Dans le premier livre, les enquêteurs sont promus à la police secrète, l’OVRA, en raison de leur réussite. C’est à ce titre qu’on leur confie l’enquête ultra-confidentielle sur la disparition du portfolio érotique. Elle doit être menée dans le plus grand secret car le coupable appartient obligatoirement au sérail. Et il a évidemment de mauvaises intentions.
Donc, et c’est le problème de mes enquêteurs et aussi le mien, par où commencer l’enquête ? Ils font pression sur une opératrice du téléphone pour qu’elle espionne la ligne du couple. Ils vont aussi progresser dans leurs recherches grâce à un montreur de singes à la Casa del Popolo. Le singe est dressé pour voler les portefeuilles des spectateurs. Les enquêteurs suivent le singe qui part avec un portefeuille, ce qui va les conduire à un indice important.
Ecrivez-vous déjà une nouvelle enquête de Cesare ?

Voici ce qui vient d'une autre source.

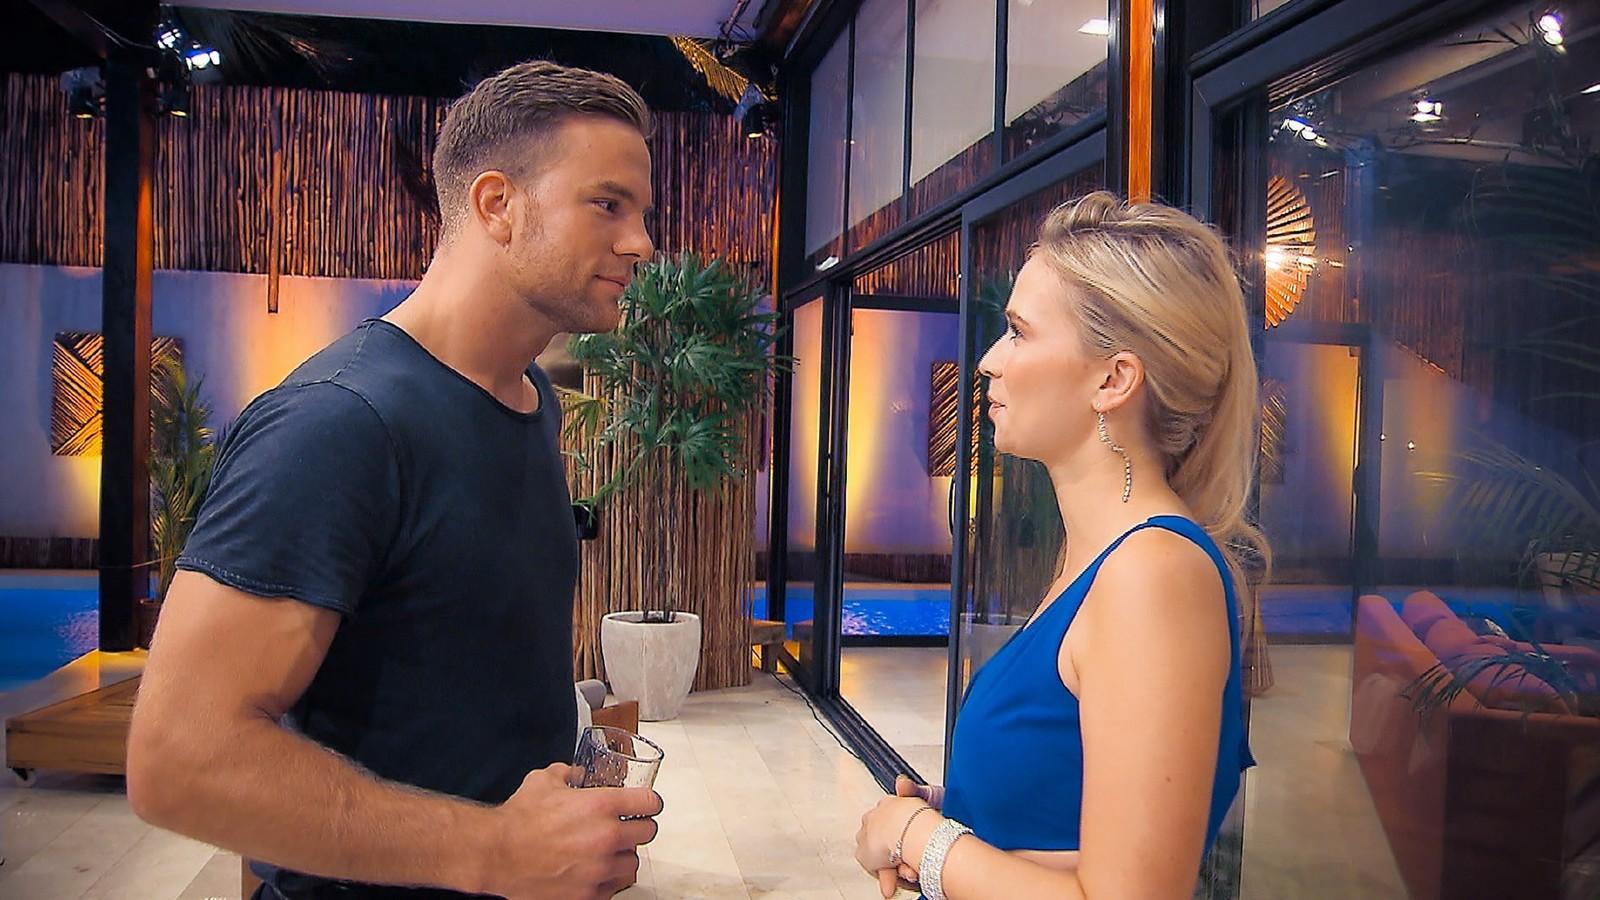 Sebastian und Denise-Jessica

Oui, j’ai une idée autour du trésor du Temple de Jérusalem ramené à Rome par Titus. Le trésor, qui était composé d’objets culturels, a disparu au milieu du IIᵉ siècle lors d’une invasion barbare à Rome. Ces objets ont été probablement volés. Cela m’a semblé être un point de départ intéressant pour mon récit. Je voulais aussi faire écho à des tensions contemporaines des années 1930 : la montée de l’antisémitisme dans le régime fasciste et l’encyclique de Pie XI en défense des Juifs, restée inédite après sa mort. À Rome, à cette époque, coexistent trois pouvoirs : le roi, le Duce et le pape. Ils ne sont pas forcément sur le même plan et n’ont pas le même rôle politique.